ABOUT THIS TASK:
Reproduce, word for word, the lines in the material below starting with the one that has "Putty Knife Scrapers, 1.5" and going on through the one that has "Cup of white". Leave out all pictures.

RECORDS FOR THIS EXERCISE:
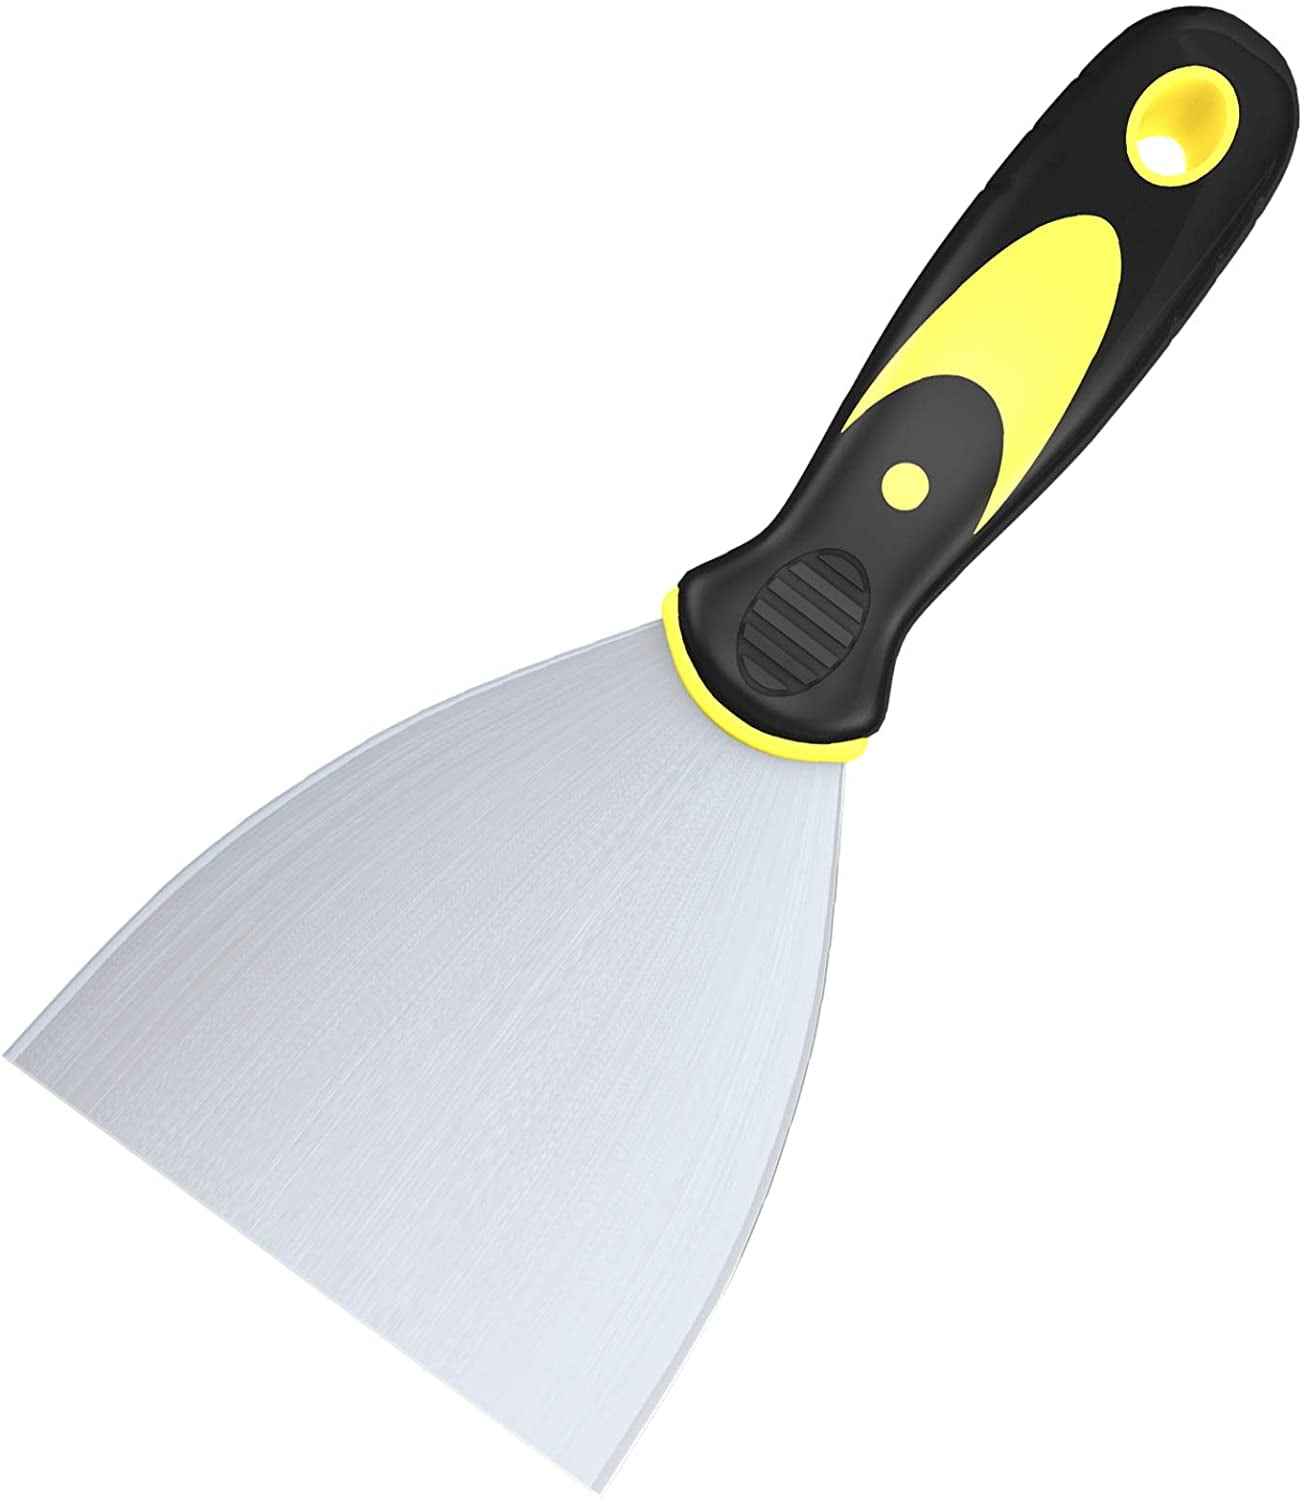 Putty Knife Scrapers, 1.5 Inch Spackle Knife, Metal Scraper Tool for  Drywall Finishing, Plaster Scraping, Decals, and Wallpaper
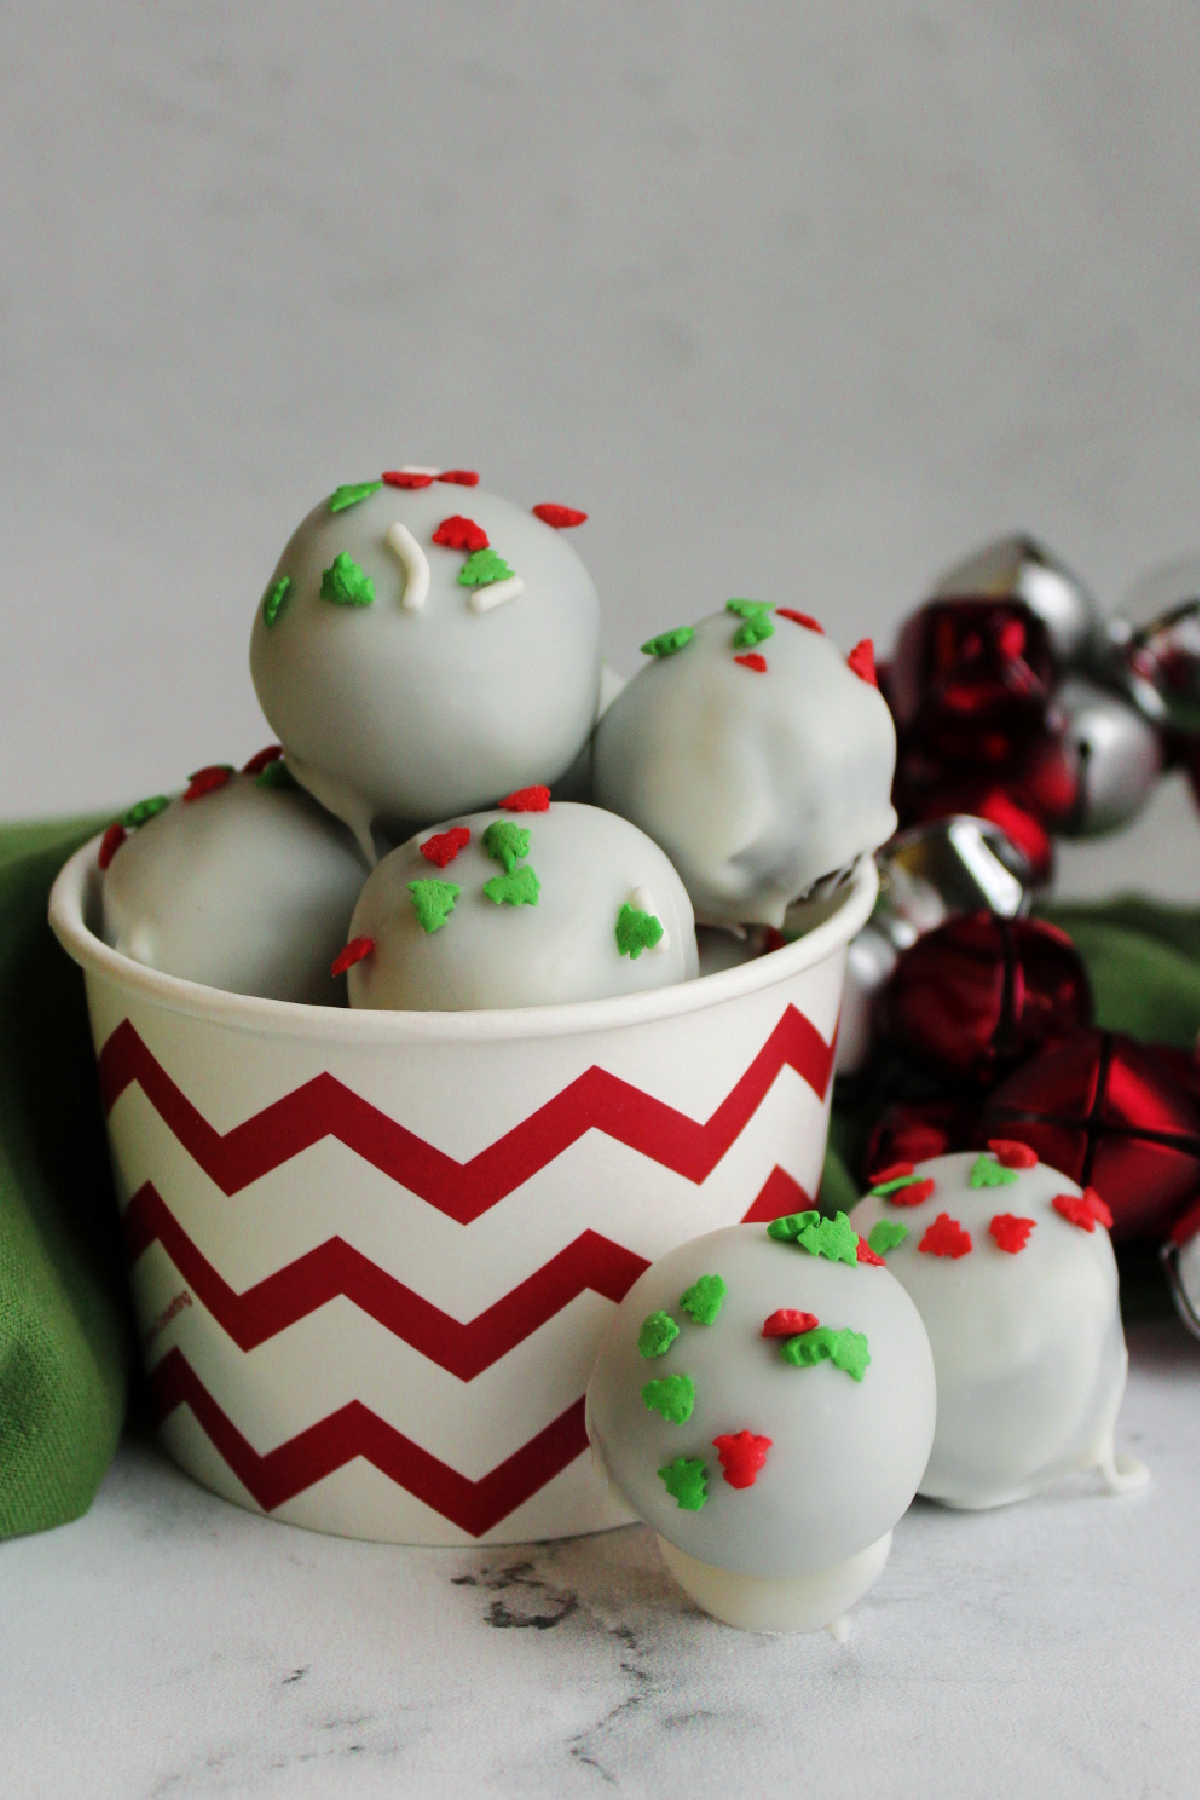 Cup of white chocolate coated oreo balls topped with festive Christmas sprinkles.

--

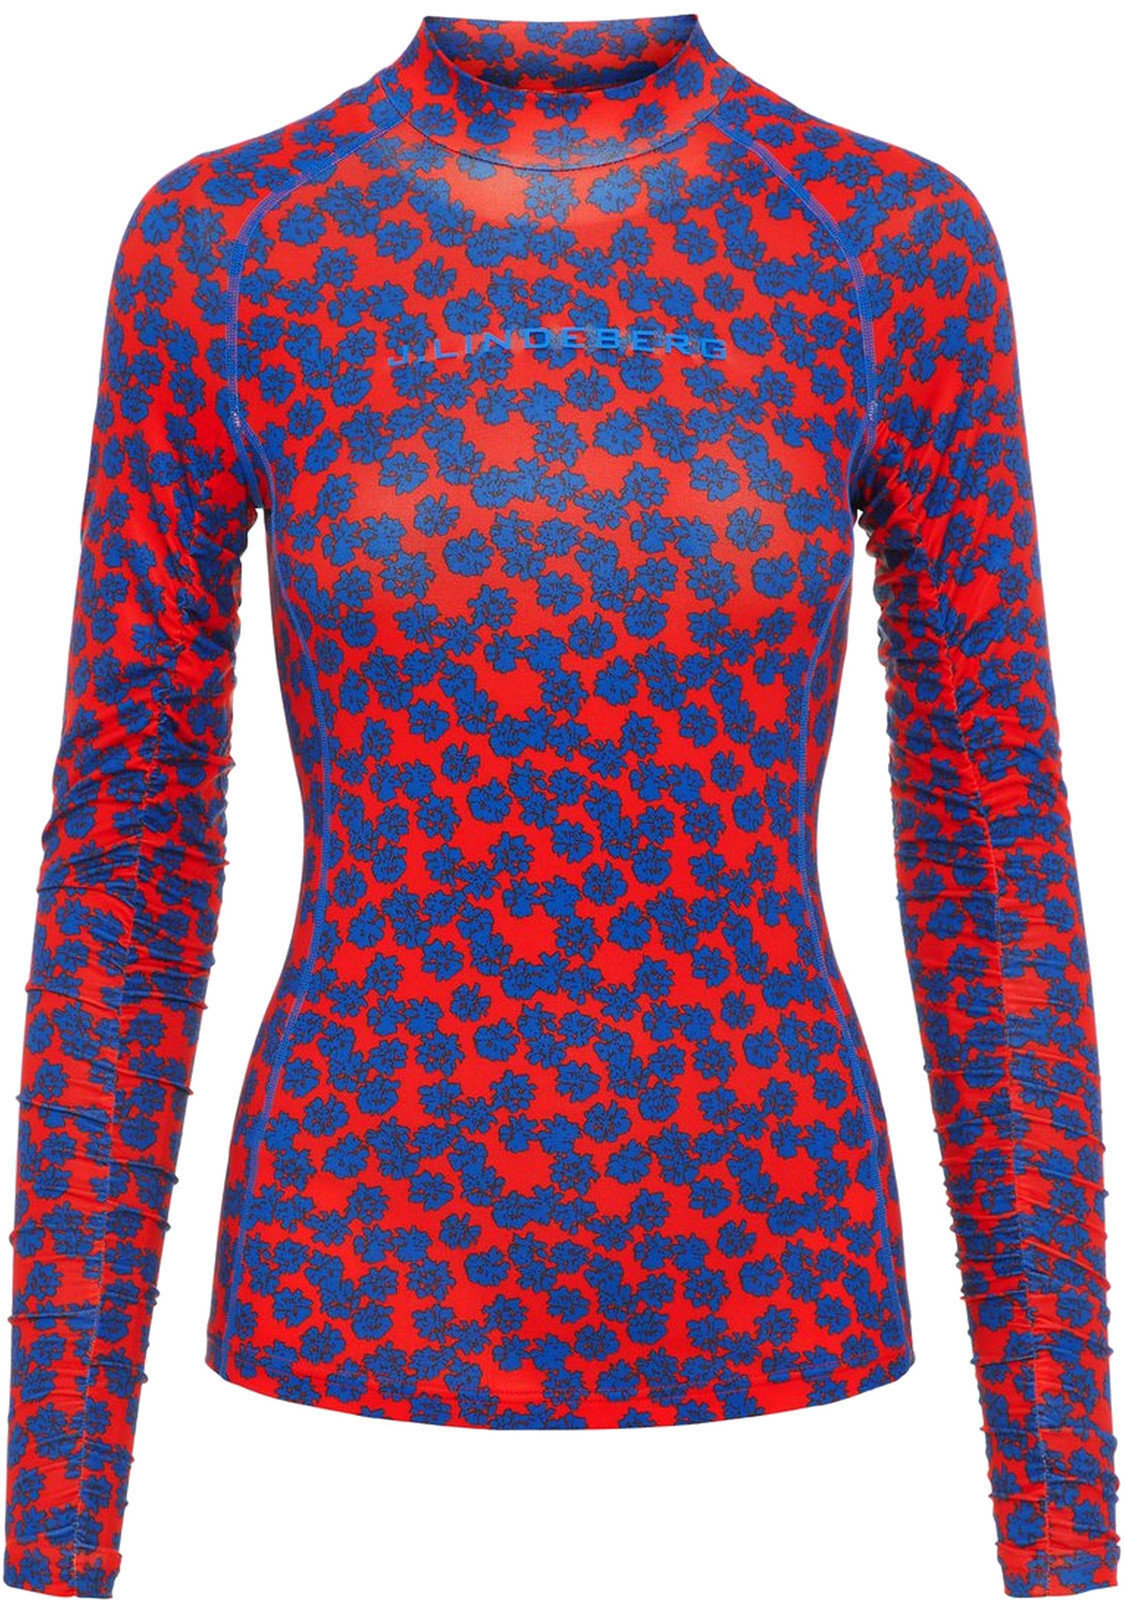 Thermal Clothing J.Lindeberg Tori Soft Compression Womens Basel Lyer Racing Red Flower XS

SOLUTION FOR THIS PROBLEM:
 Putty Knife Scrapers, 1.5 Inch Spackle Knife, Metal Scraper Tool for  Drywall Finishing, Plaster Scraping, Decals, and Wallpaper
 Cup of white chocolate coated oreo balls topped with festive Christmas sprinkles.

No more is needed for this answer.